• WORK REQUEST: The answer must reproduce all of the data below exactly and contain no images.

• STORED DATA:

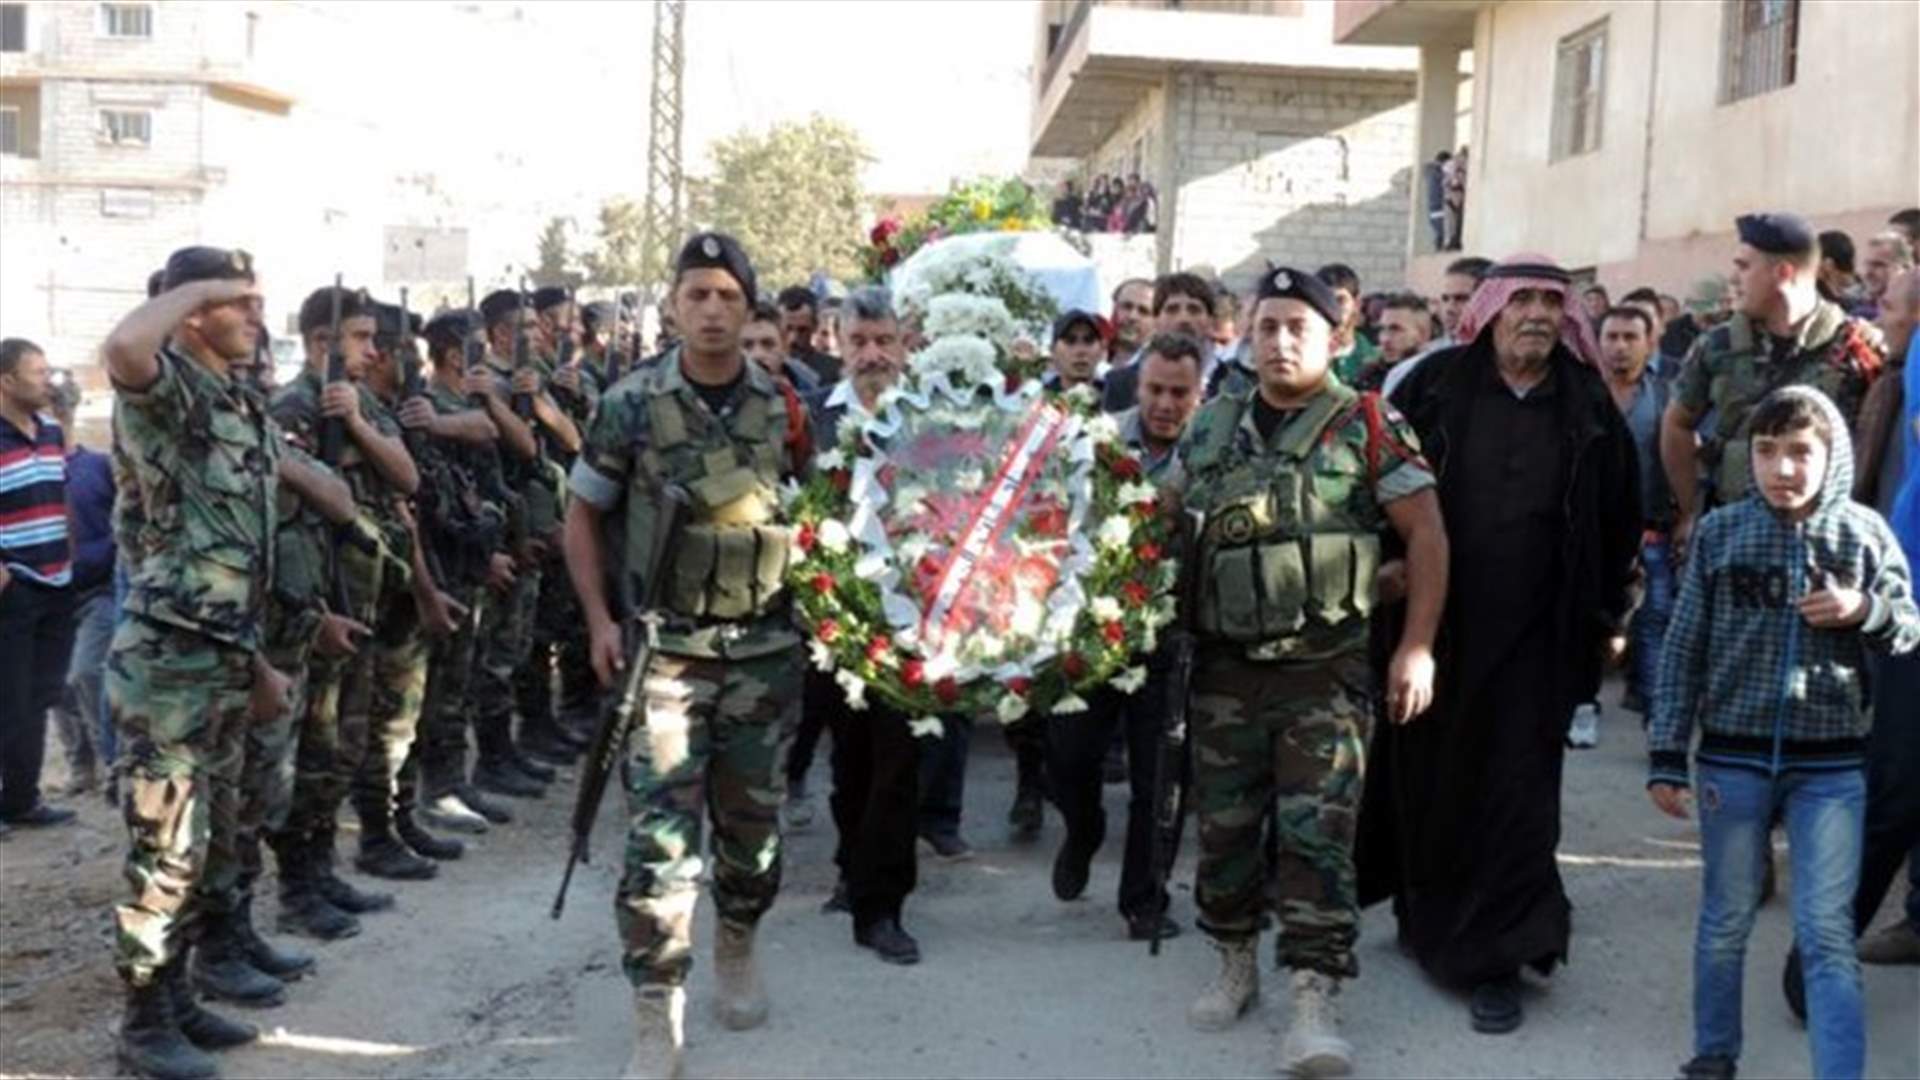 Arsal bids farewell to Army Sergeant Ezzeddine
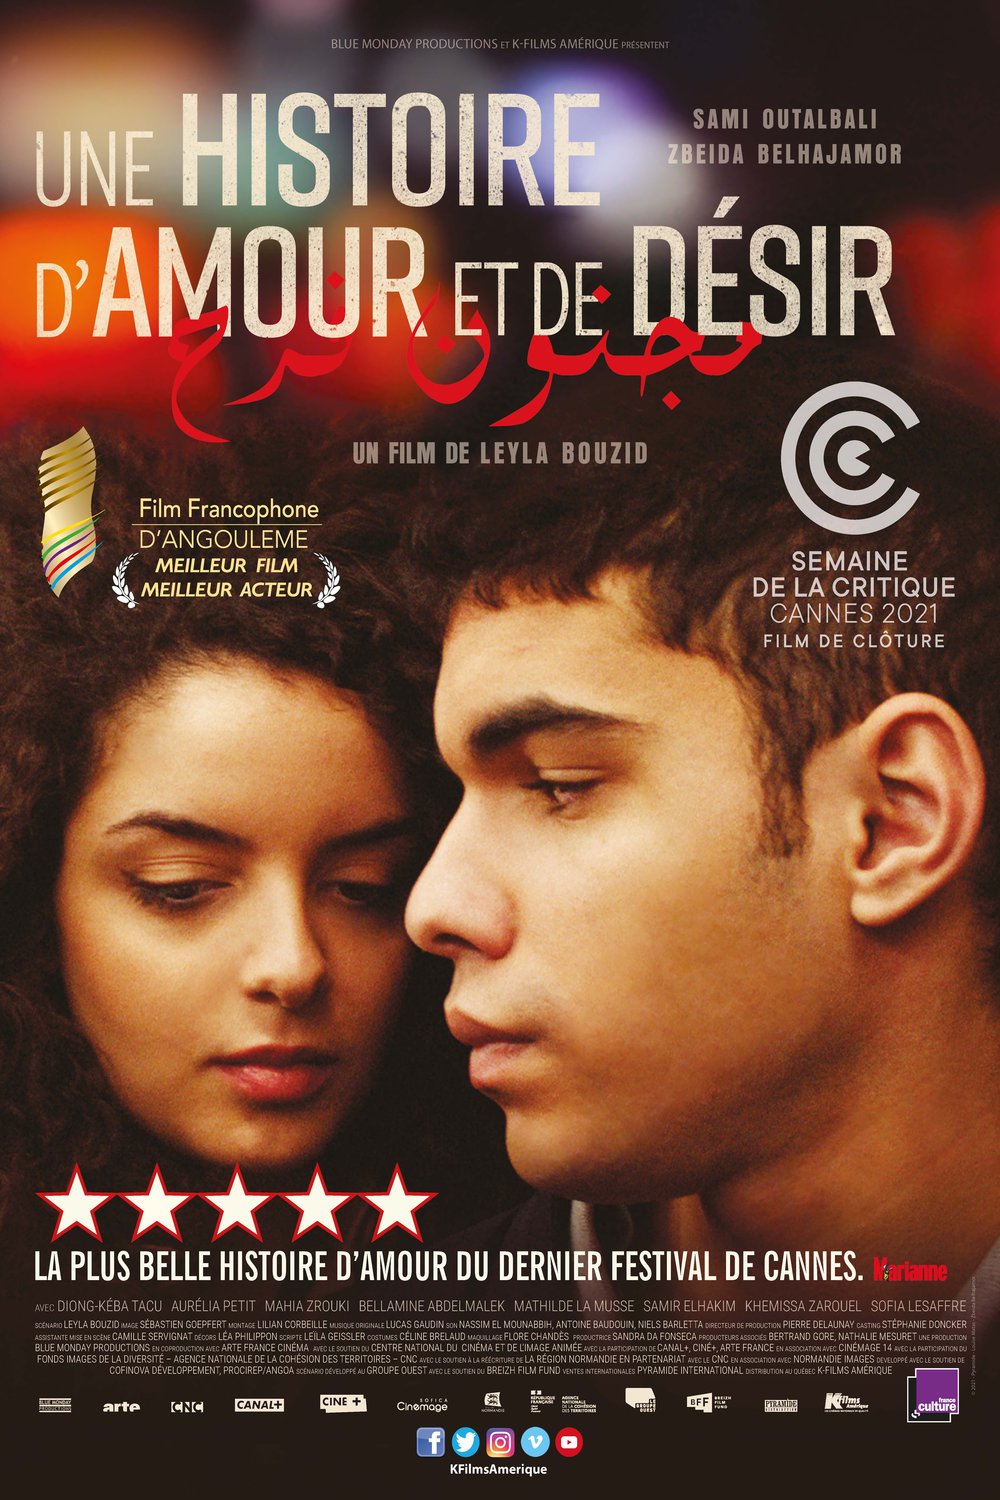 Poster of the movie Une histoire d'amour et de désir
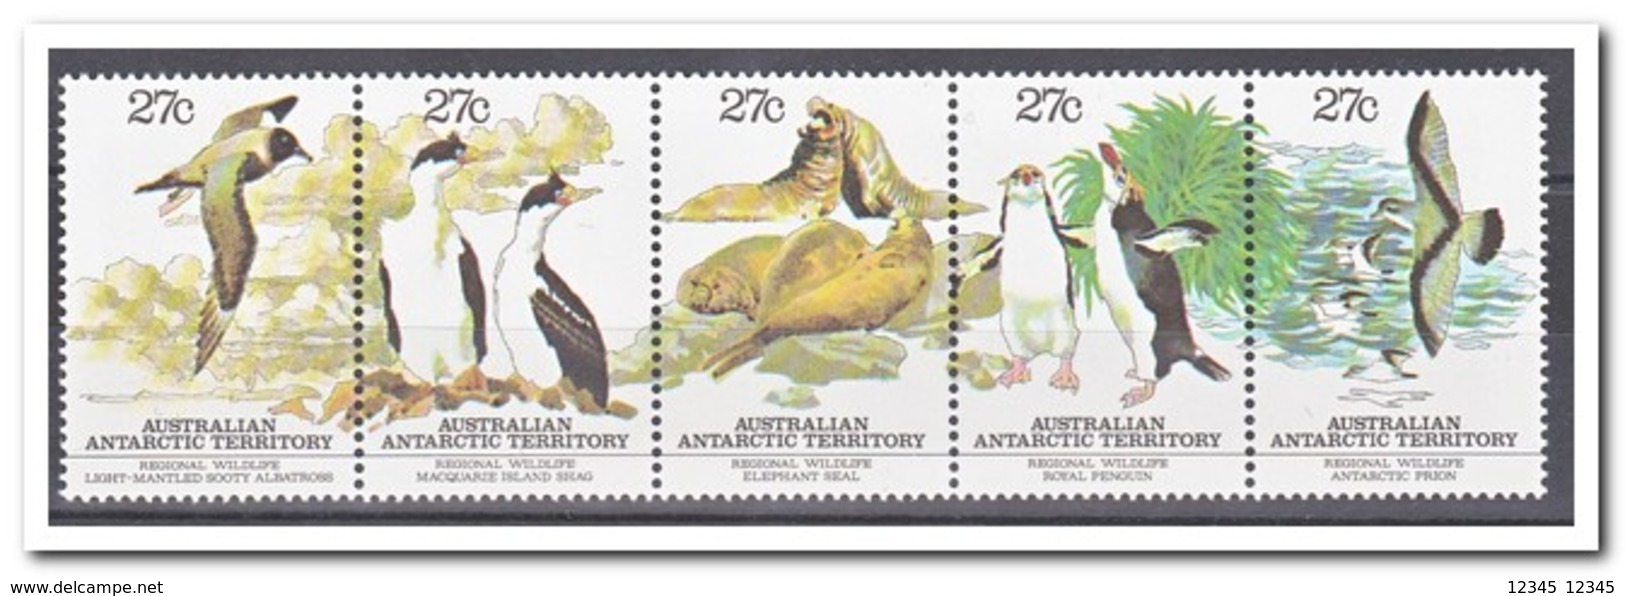 Australisch Antarctica 1983, Postfris MNH, Birds, Wildlife, Animals - Ongebruikt

• YOUR RESPONSE:
 Arsal bids farewell to Army Sergeant Ezzeddine
 Poster of the movie Une histoire d'amour et de désir
 Australisch Antarctica 1983, Postfris MNH, Birds, Wildlife, Animals - Ongebruikt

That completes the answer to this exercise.